┌─ GIVEN DATA
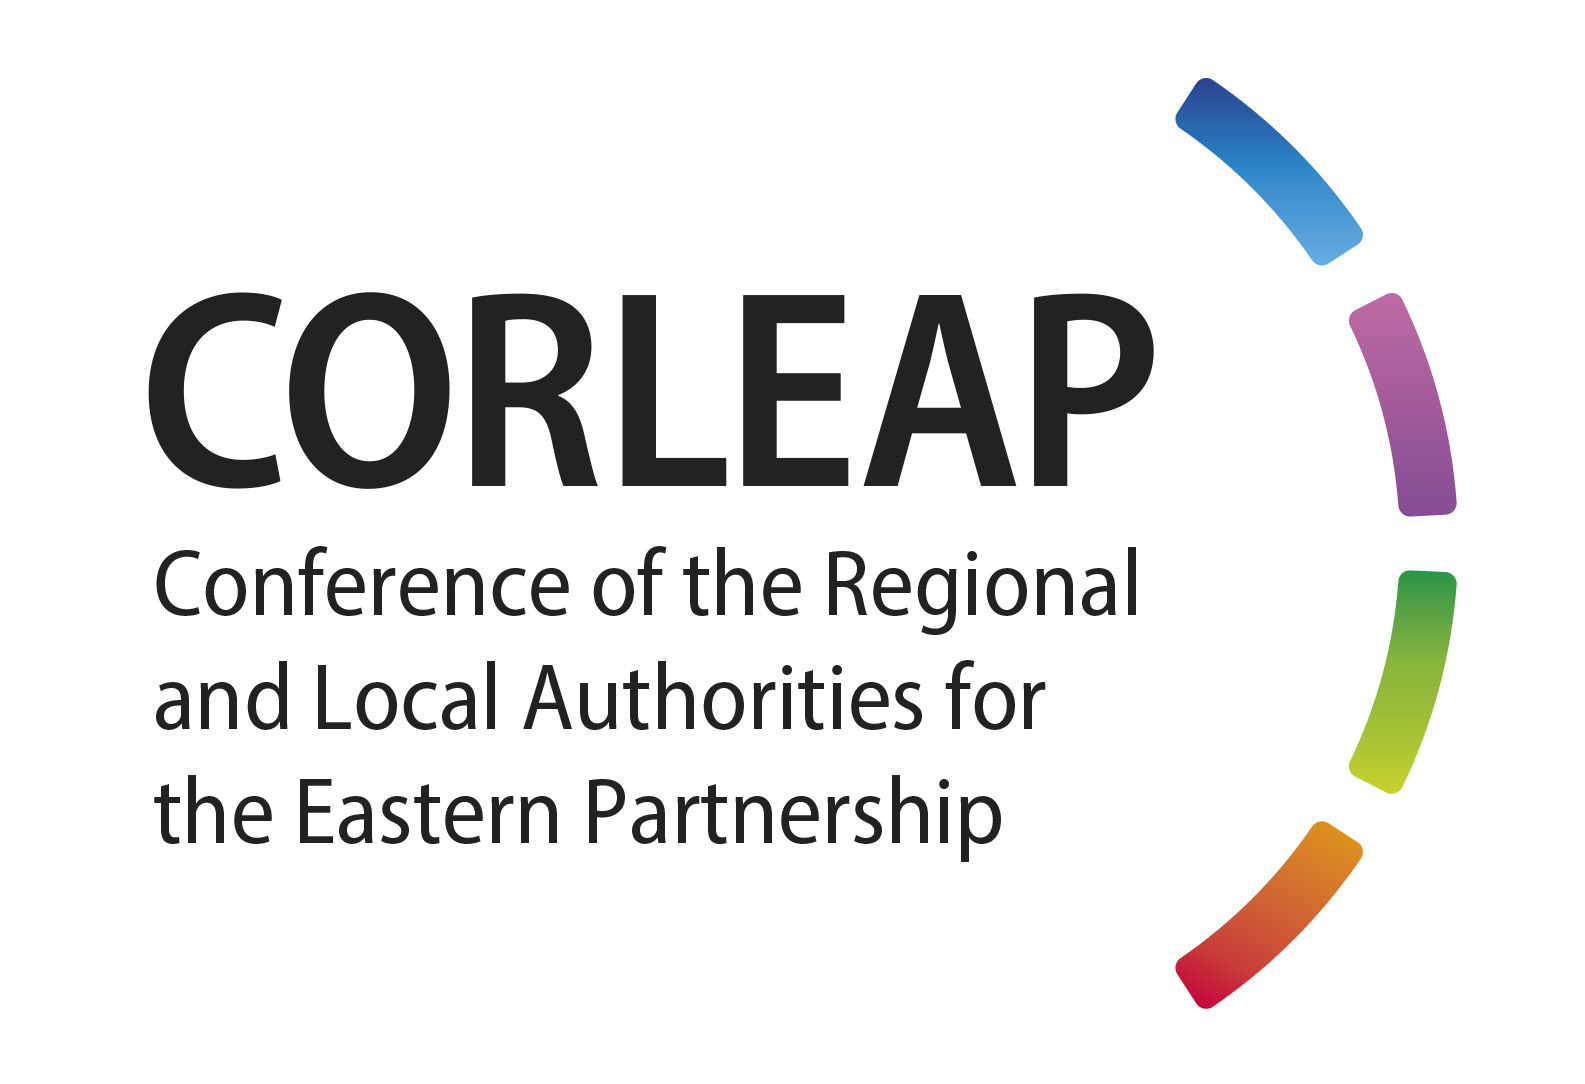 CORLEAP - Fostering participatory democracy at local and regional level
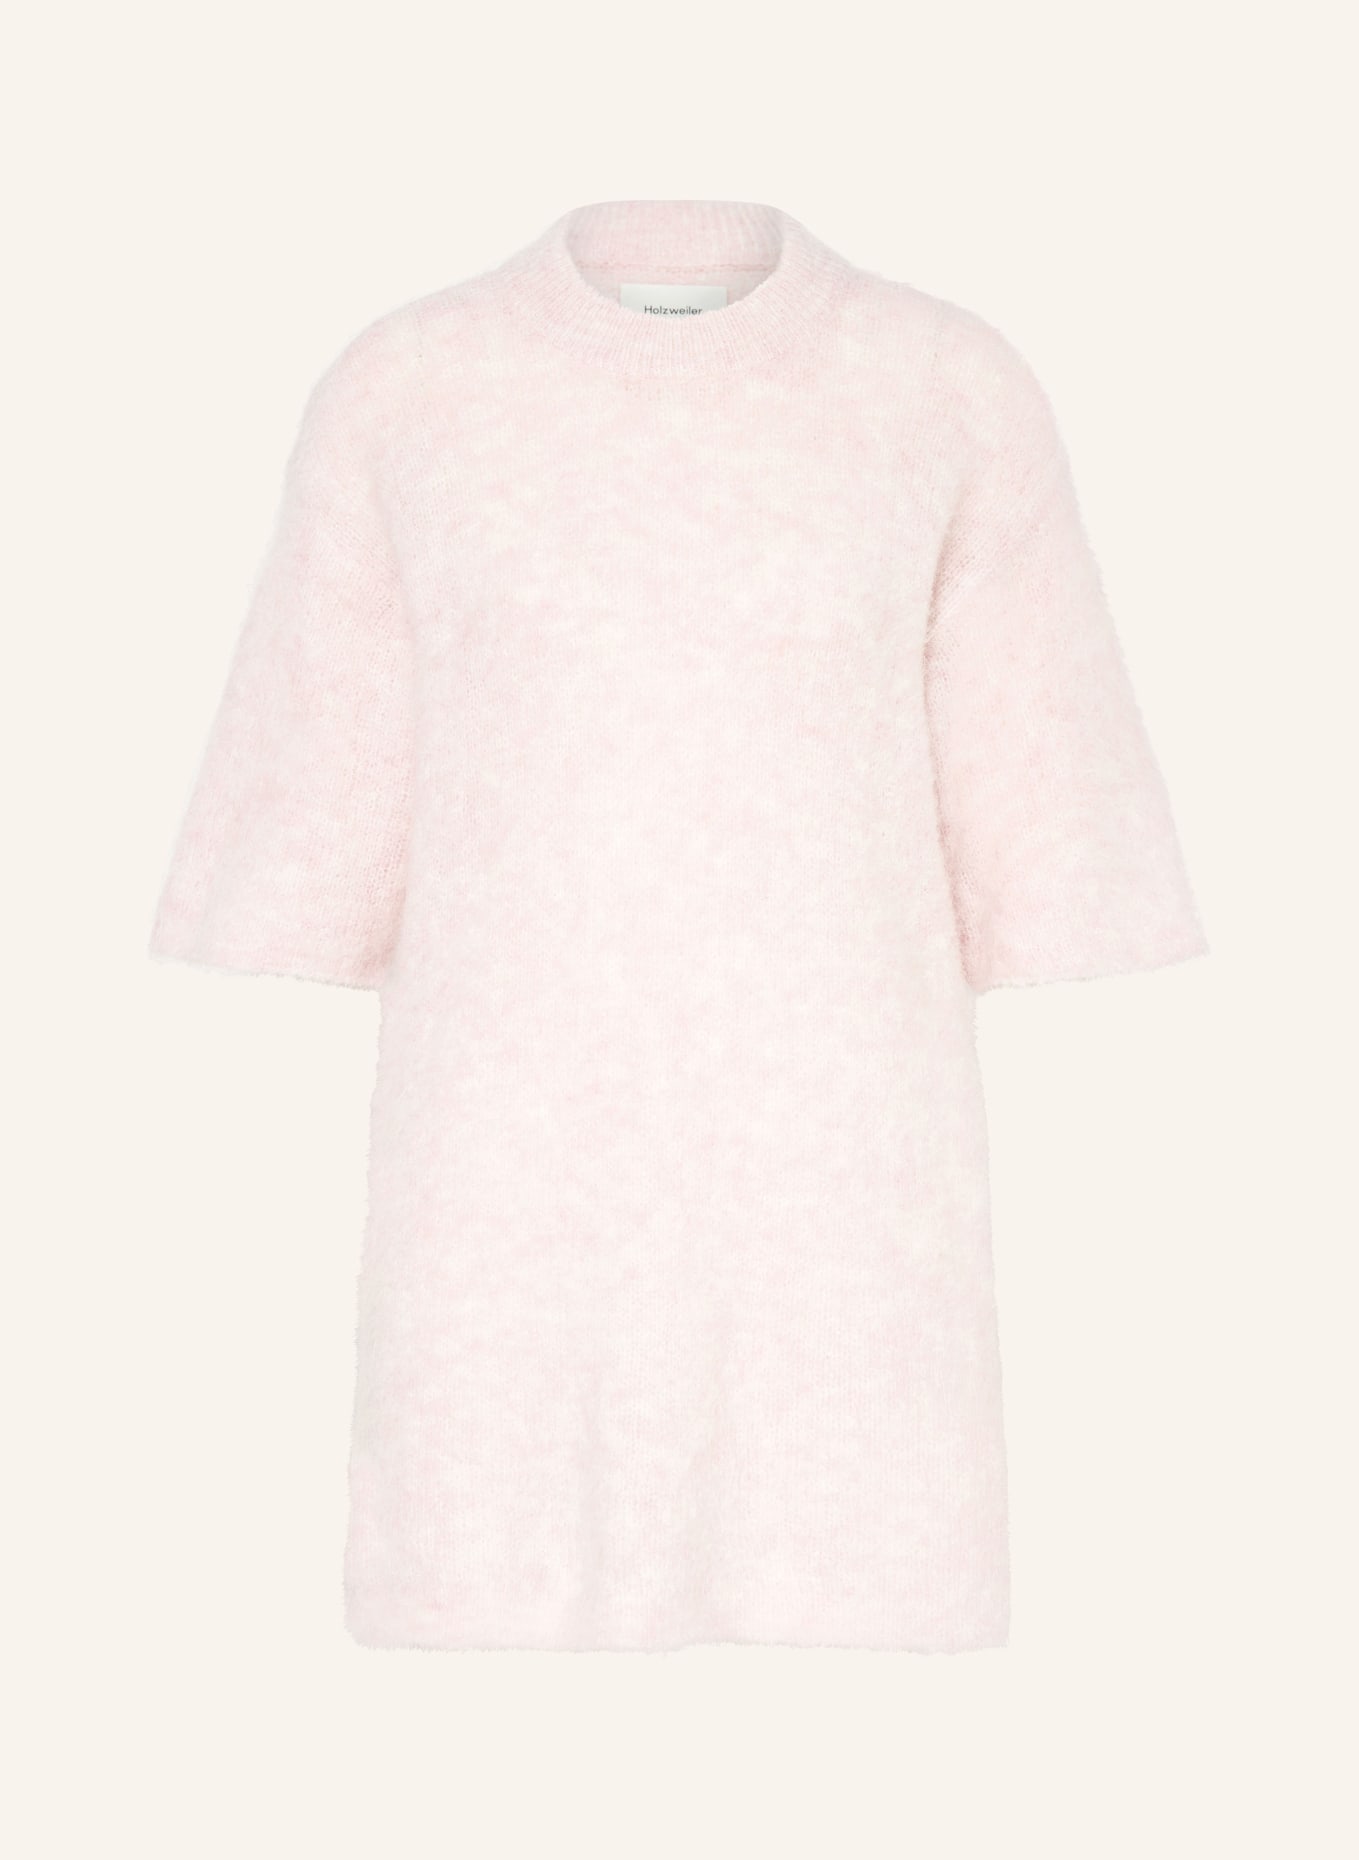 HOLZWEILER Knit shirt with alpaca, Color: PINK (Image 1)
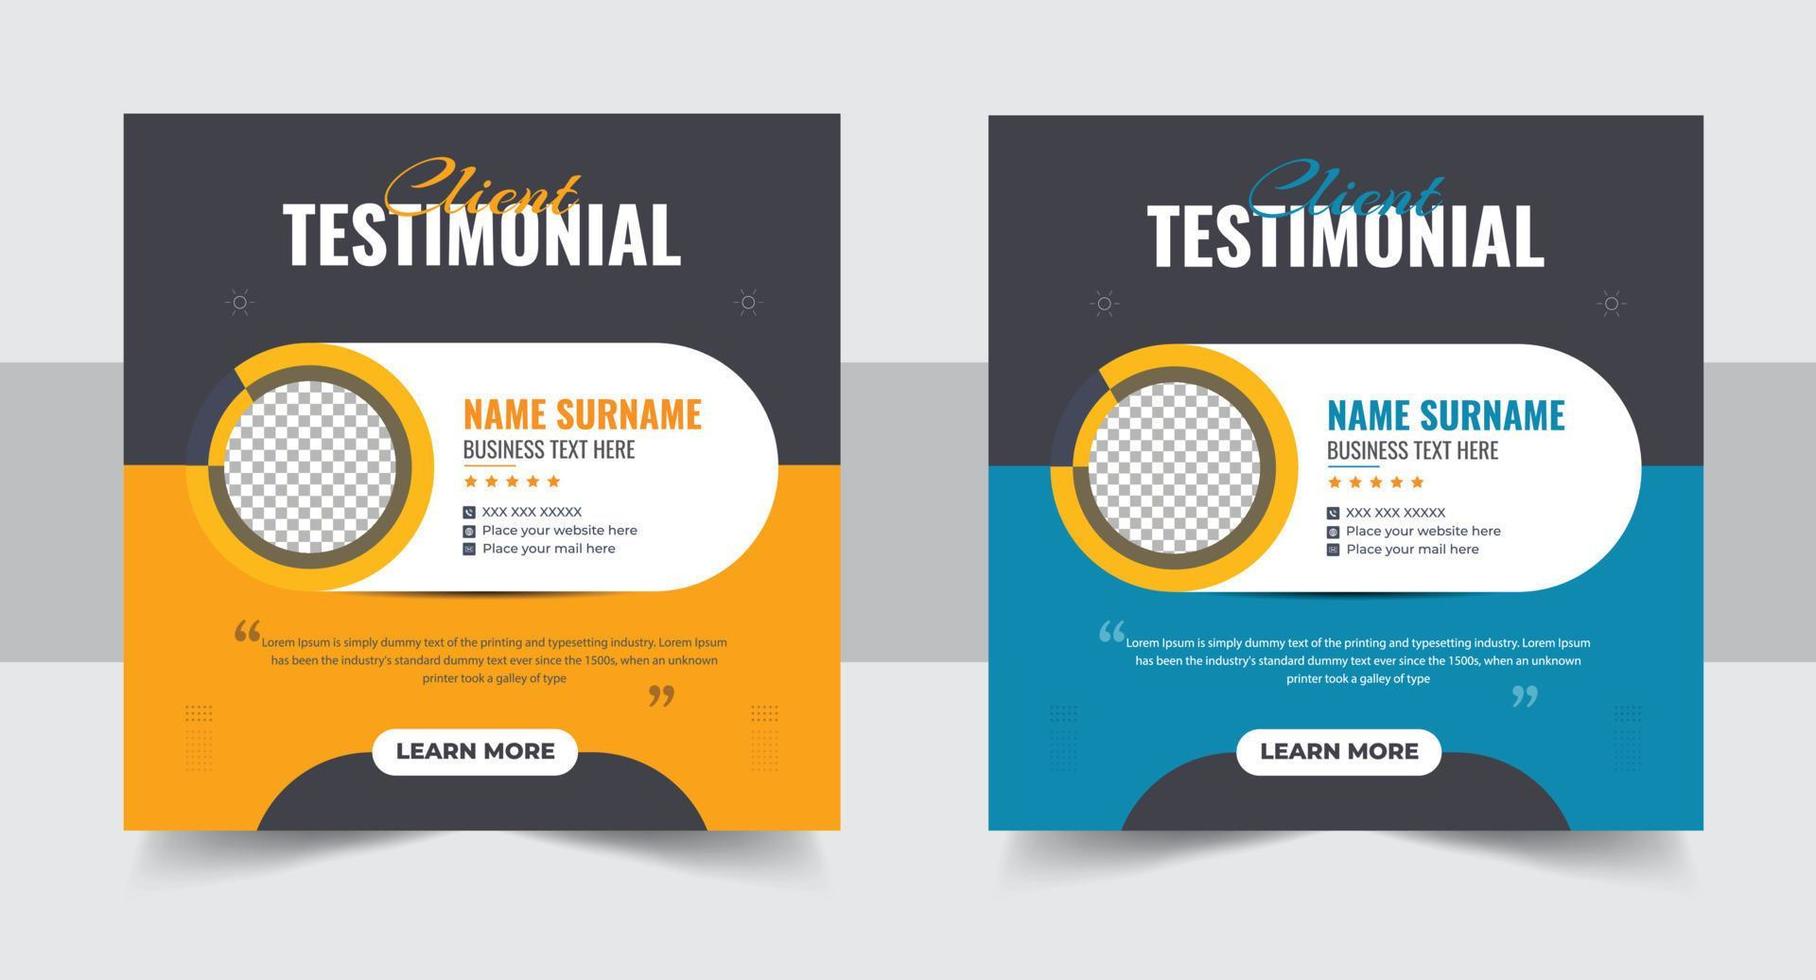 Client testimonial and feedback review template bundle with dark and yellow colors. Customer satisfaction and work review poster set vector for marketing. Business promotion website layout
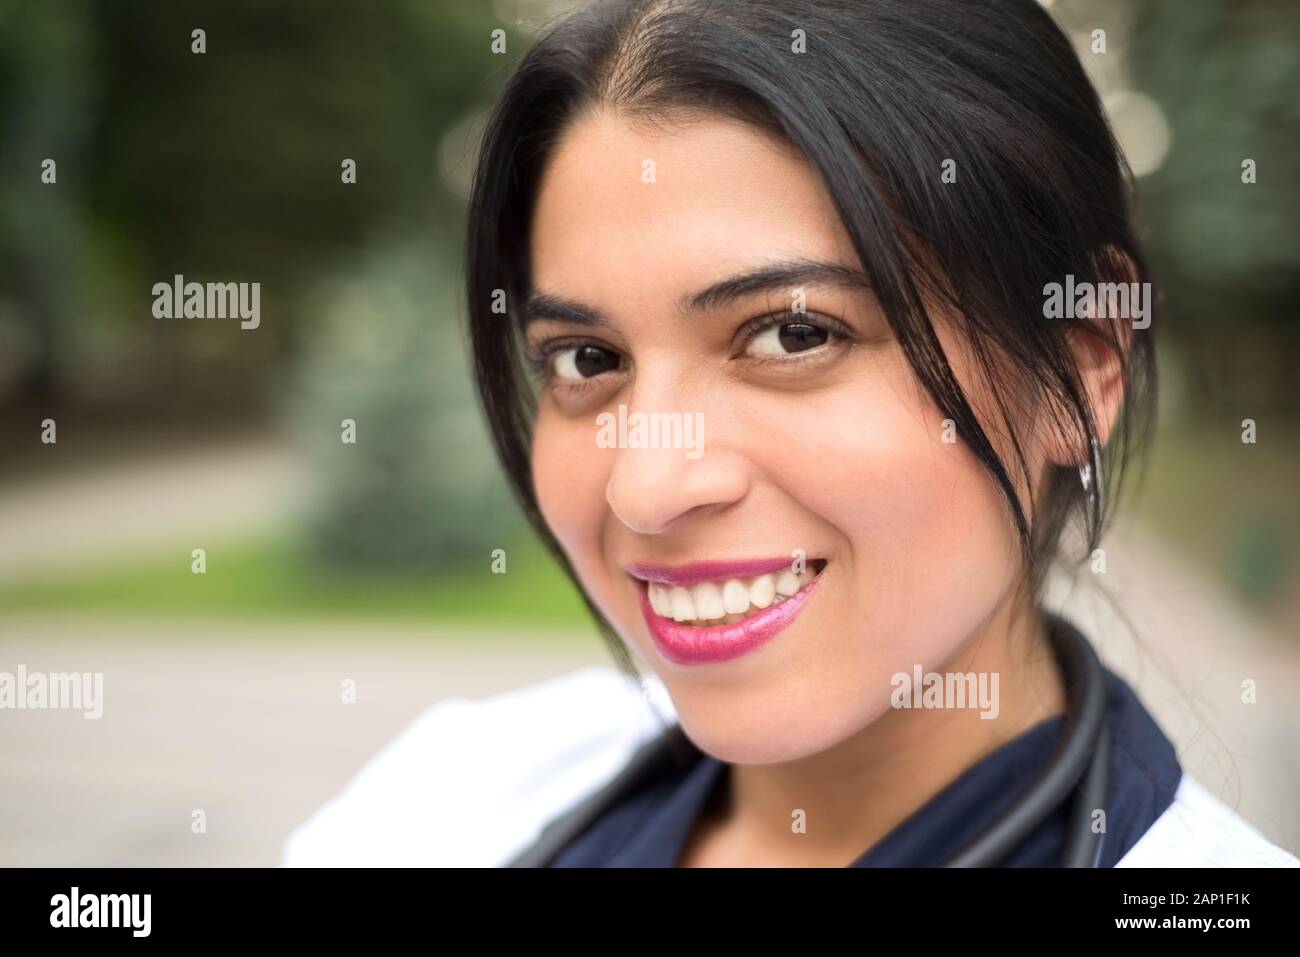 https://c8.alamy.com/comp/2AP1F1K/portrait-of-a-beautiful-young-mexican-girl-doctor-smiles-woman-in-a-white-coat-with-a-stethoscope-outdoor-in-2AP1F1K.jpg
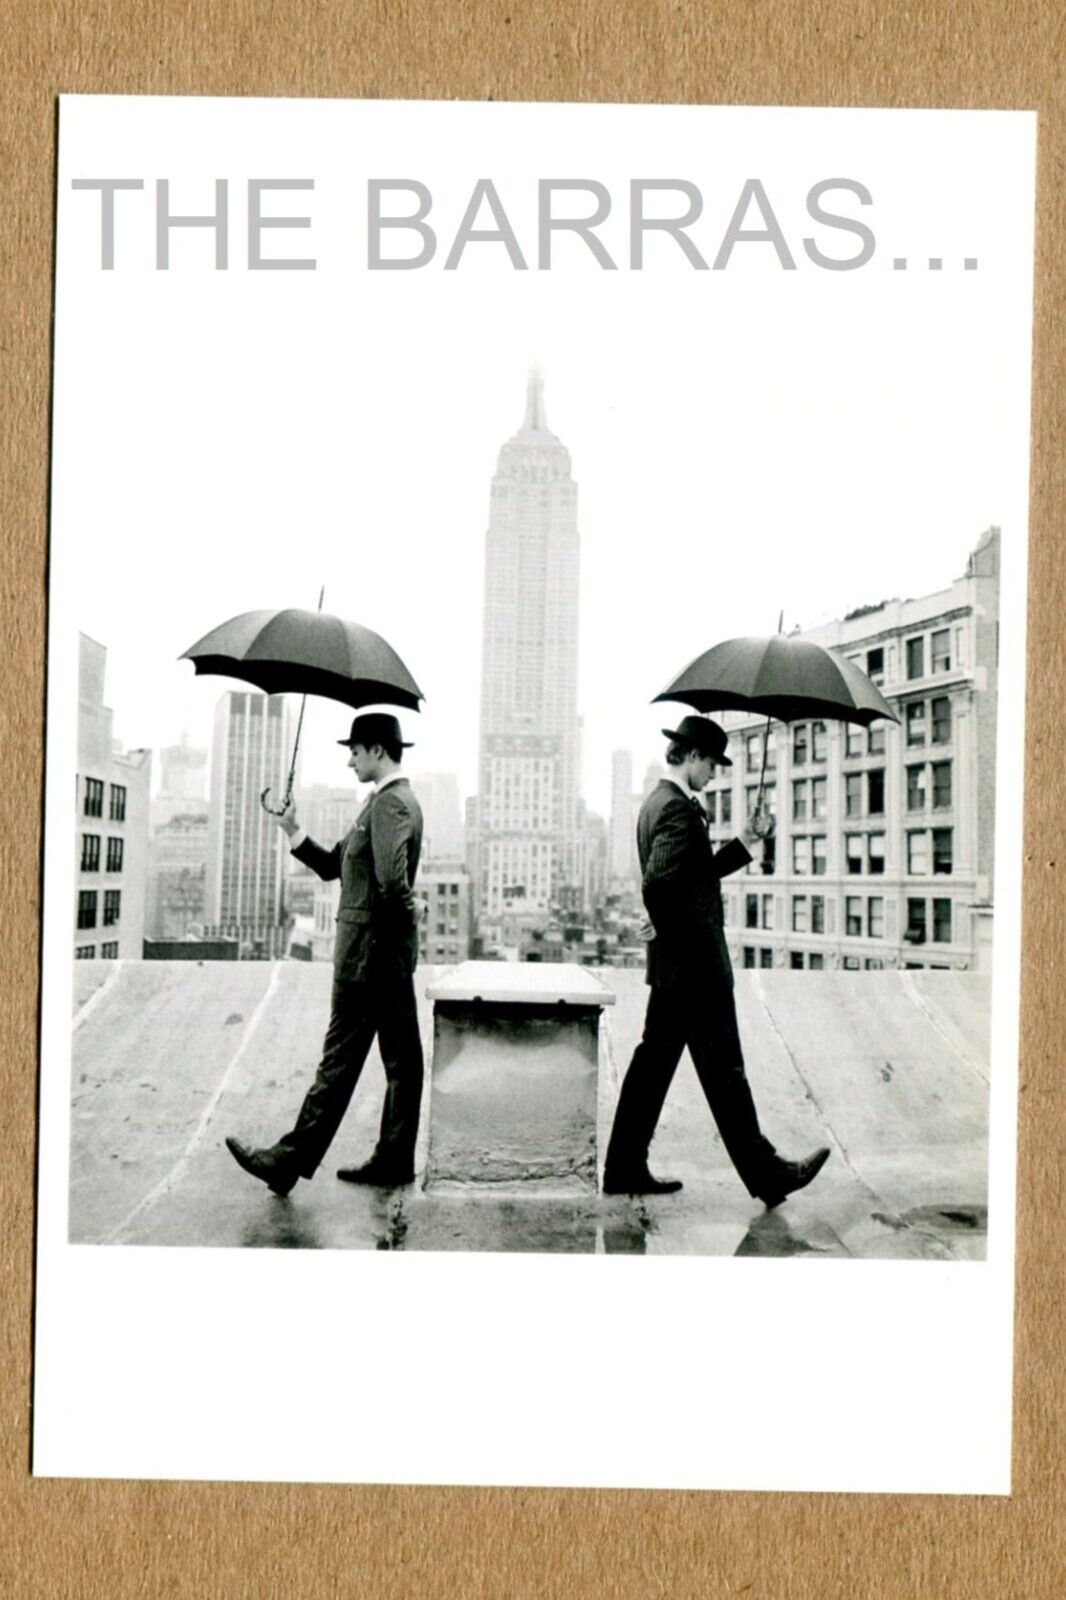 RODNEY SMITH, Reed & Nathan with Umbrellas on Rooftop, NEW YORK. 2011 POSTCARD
└─
Restate the full listing verbatim and drop every picture.

 CORLEAP - Fostering participatory democracy at local and regional level
 HOLZWEILER Knit shirt with alpaca, Color: PINK (Image 1)
 Client testimonial and feedback review template bundle with dark and yellow colors. Customer satisfaction and work review poster set vector for marketing. Business promotion website layout
 https://c8.alamy.com/comp/2AP1F1K/portrait-of-a-beautiful-young-mexican-girl-doctor-smiles-woman-in-a-white-coat-with-a-stethoscope-outdoor-in-2AP1F1K.jpg
 RODNEY SMITH, Reed & Nathan with Umbrellas on Rooftop, NEW YORK. 2011 POSTCARD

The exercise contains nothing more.